(Your weekly dose of Silver Screen & Roll goodness. My newest. Dig it)
“In basketball you can get a unique team and Miami has a unique team. They have great three-point shooting and they’re never out of a game because of that and then they have the best player in the game who does all the little things. I never thought this streak would live forever, no…I just think it’s a streak that could very easily be broken this year.”–Jerry West, Hall of Famer and member of the 1971-1972 NBA Champion Los Angeles Lakers
The 1971-1972 Los Angeles Lakers accomplished what no professional team had ever done before–in fact, it wasn’t even close. That LA team won 33 straight games, which still stands as an NBA record today. That streak was 13 more than the 20-gamer by the 1970-1971 Milwaukee Bucks, who were on their way to the town’s only NBA championship.

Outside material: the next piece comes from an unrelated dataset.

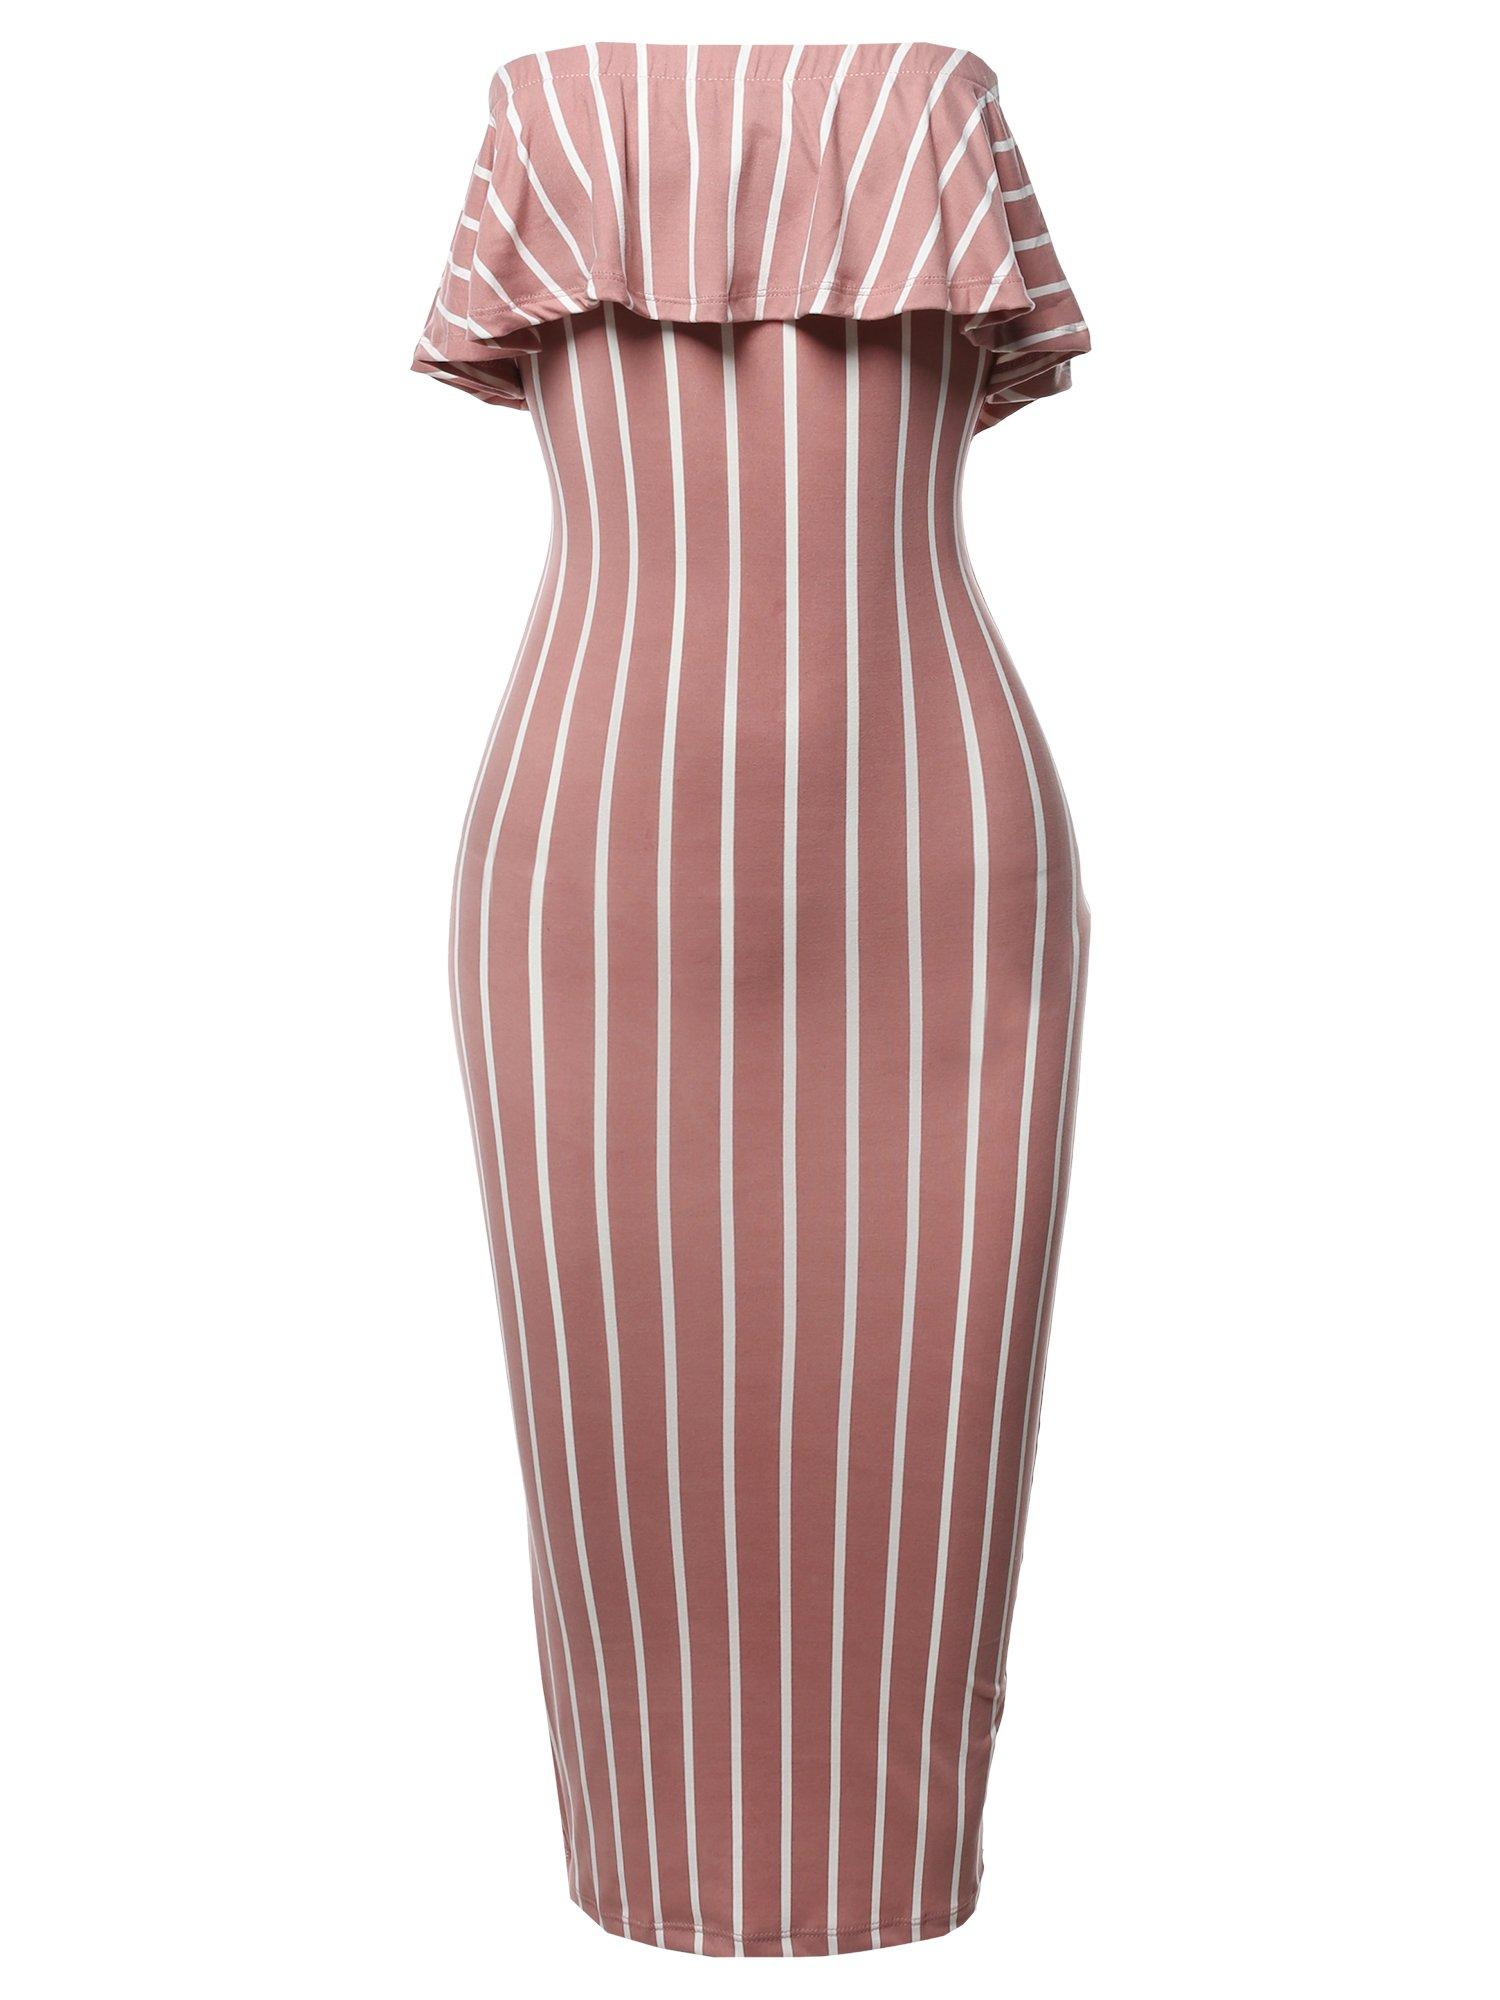 Slim Fit Off-Shoulder Pinstriped Crepe Tube Midi Dress Mauve L

The Lakers did all this on the amazing play of three Hall of Fame players, and the inspiration of one more. West, Wilt Chamberlain and Gail Goodrich teamed up to form one of the most lethal inside-out combinations of all time, their play spurred on by the surprise early season retirement of Elgin Baylor. The first of their 33 straight began on November 5th, 1971 and ended nearly two months later on January 9th, 1972 in a 120-104 loss to Kareem Abdul-Jabbar and his Milwaukee Bucks. The wins helped the Lakers set an NBA record at 69-13, a mark that stood for 24 years until Michael Jordan and the Chicago Bulls broke it. Regular season immortality wasn’t enough for that Lakers team–a few months after their win streak ended, the Lakers won the franchise’s first title in Los Angeles, a first for West and a second for Chamberlain.
But now this 40-year-old record is on the verge of being broken by LeBron James, Dwyane Wade, Chris Bosh and the rest of the Miami Heat. The reigning NBA champions have won 24 straight games which now ranks as the second-most all-time. With only 3 of their next 10 games against playoff teams, what was once thought of as an unbreakable streak is now within range of turning breakable.
Inevitably, there have been comparisons between these two teams, with the Worldwide Leader summoning up images of West, Chamberlain and company with every Heat victory. At this point, there’s little doubt that the Lakers’ 33-game streak is the more impressive of the two. However, with the improvements in sports science and scouting, as well as the expansive media and public scrutiny following the team, is winning 24 games in today’s NBA more impressive than it would have been in 1972? Is what LeBron and company are doing that much more difficult than how West’s Lakers glided through one of the low points in league history?